Two Weeks in Brazil Itinerary 

Two weeks in Brazil are barely enough time to scrape the surface of what the massive country has to offer. For those with limited time, this itinerary will give you a diverse Brazil experience and pack in the best Brazil has to offer, without tiring yourself out.

Here is an extensive two weeks in Brazil itinerary, which can be easily shortened or extended based on your own preferences.

Day 1-4: Rio de Janeiro

Most travellers, including myself, fly into Rio de Janeiro. While it’s no longer the capital of Brazil (which moved to Brasilia in 1960), Rio de Janeiro is one of the most vibrant and culturally-rich cities in the world. It offers pretty much everything you could want in one place – awesome views, white-sand bays, and buzzing nightlife.

By day, head to Copacabana Beach and Ipanema Beach for the sun and surf or view Brazil’s historic relics and fine art at Museu Histórico Nacional. Look up from almost any street in Rio and you’ll see Christ the Redeemer, the open-armed statue of Jesus Christ that sits atop Corcovado Mountain. You can reach this peak and enjoy an unforgettable view of the entire city by taking a narrow-gauge train. By night, you’ll find the year-round party at the samba clubs in Lapa, an eclectic bohemian district and nightlife centre.

Don’t miss the Escadaria Selarón, 125 meters of steps covered in bright tile which have been transformed into a world-known piece of art. Next to the steps is the Santa Teresa neighborhood, a renowned gathering place for intellectuals, academics, artists and politician.

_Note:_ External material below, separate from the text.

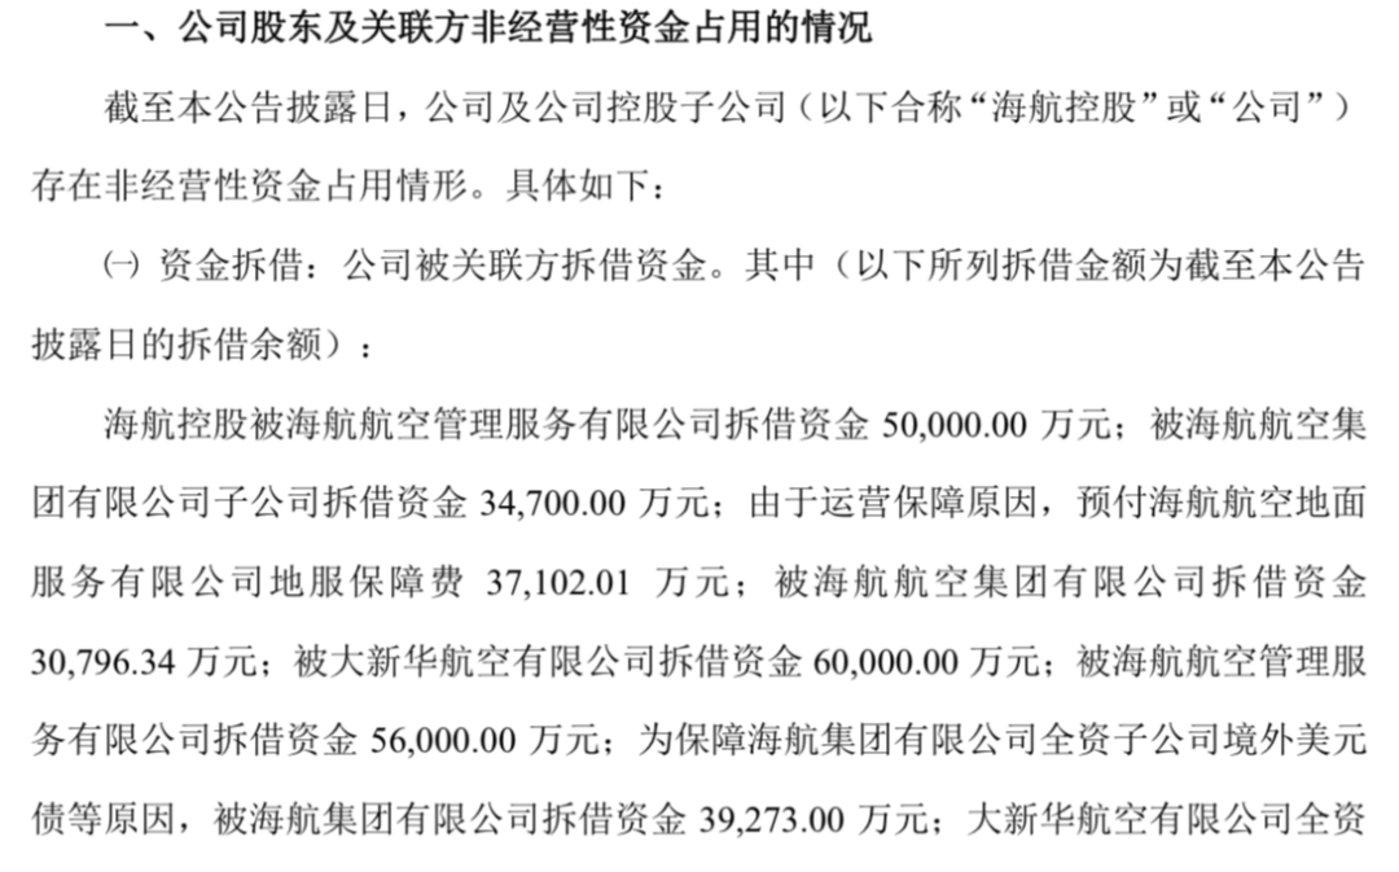 来源:上交所网站

If you’re interested in visiting favelas (slums), I recommend going to the Santa Marta favela in Botafogo, which appeared in Michael Jackson’s MTV.

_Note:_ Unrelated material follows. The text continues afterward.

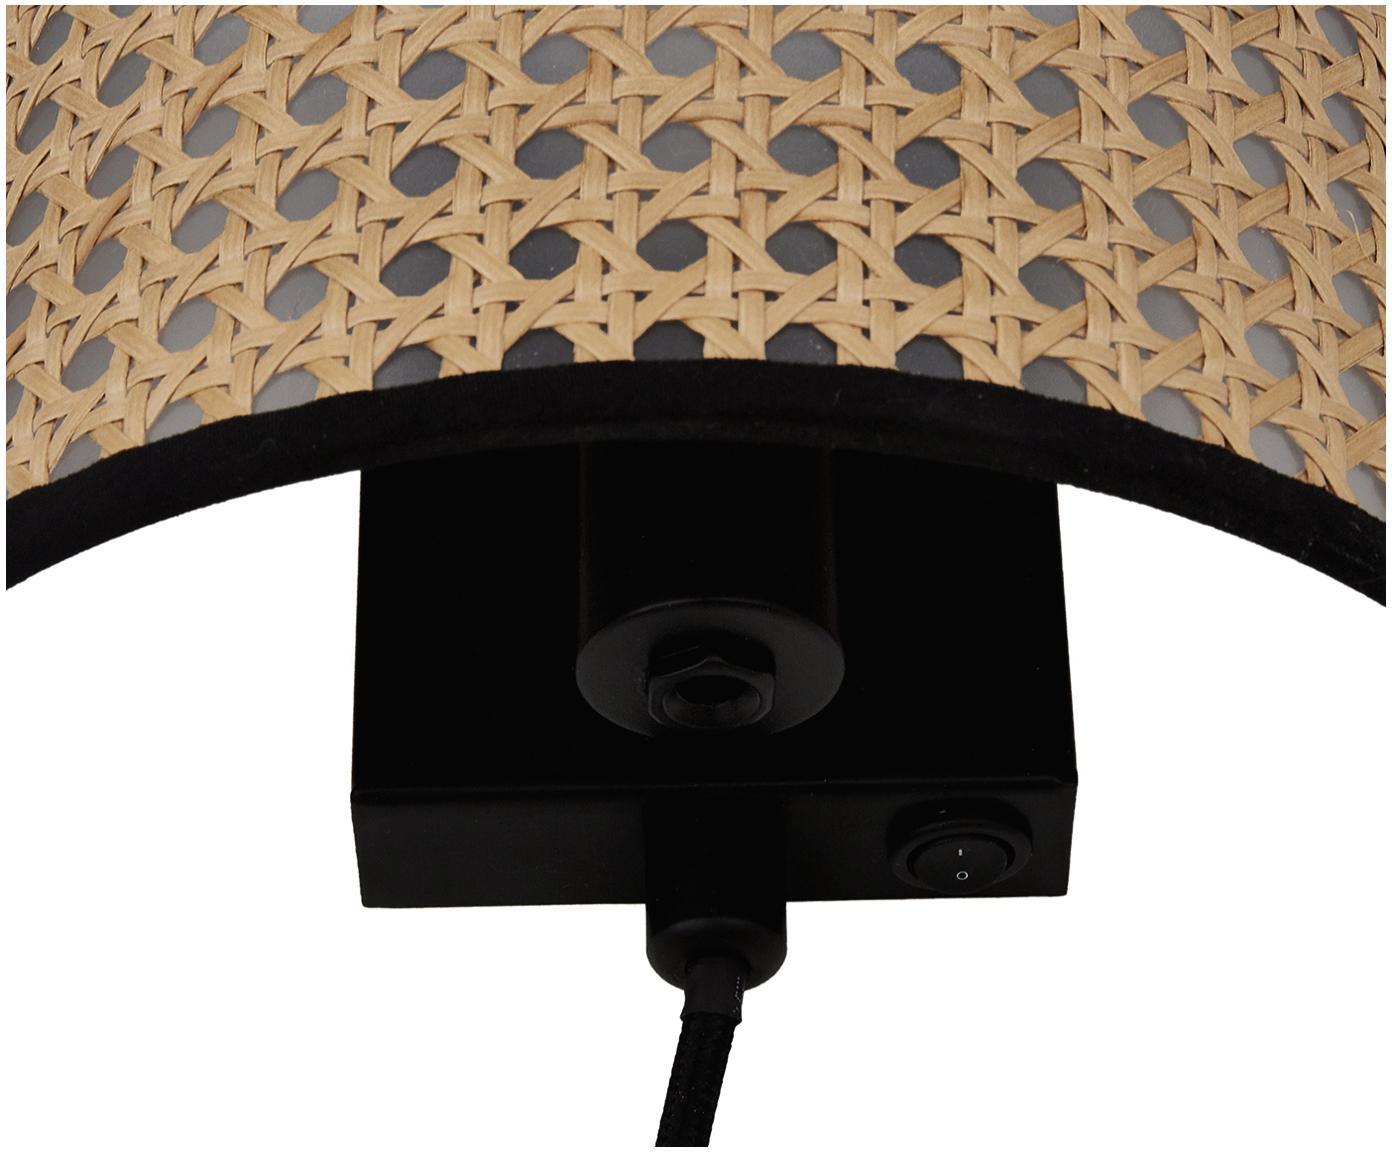 Kinkiet z plecionką wiedeńską z wtyczką Vienna, Klosz: beżowy, czarny Stelaż lampy: czarny, matowy, S 22 x W 16 cm

  • Recommended nights: At least 3 nights (but you can also leave Rio for the end of your trip)
  • READ: My experience celebrating Carnival in Rio

Accommodation in Rio de Janeiro

There are lots of hotels with fantastic views and rooftop swimming pools overlooking the beach in Copacabana, Ipanema and Leblon. Many of them are surprisingly affordable if you’re not traveling during Carnival, New Years or Easter. Rio Othon Palace is right on Copacabana beach, with spectacular views of the bay and Sugarloaf Mountain. It’s also got a beautiful rooftop pool and a popular restaurant and bar on its 30th floor. Check the prices here.

A cheaper hotel in the same location is Orla Copacabana Hotel, also overlooking the beach and steps from restaurants, bars and attractions. There’s a metro station just 900m away and prices are as low as $59 for a double room. Check the latest prices.

For a budget option, check out Rio Beach Hostel which is clean, funky and very affordable. It’s located in the Botafogo district and around an 18-minute walk from the beach. It’s perfect for solo travelers who are looking to connect with other travelers. Book here.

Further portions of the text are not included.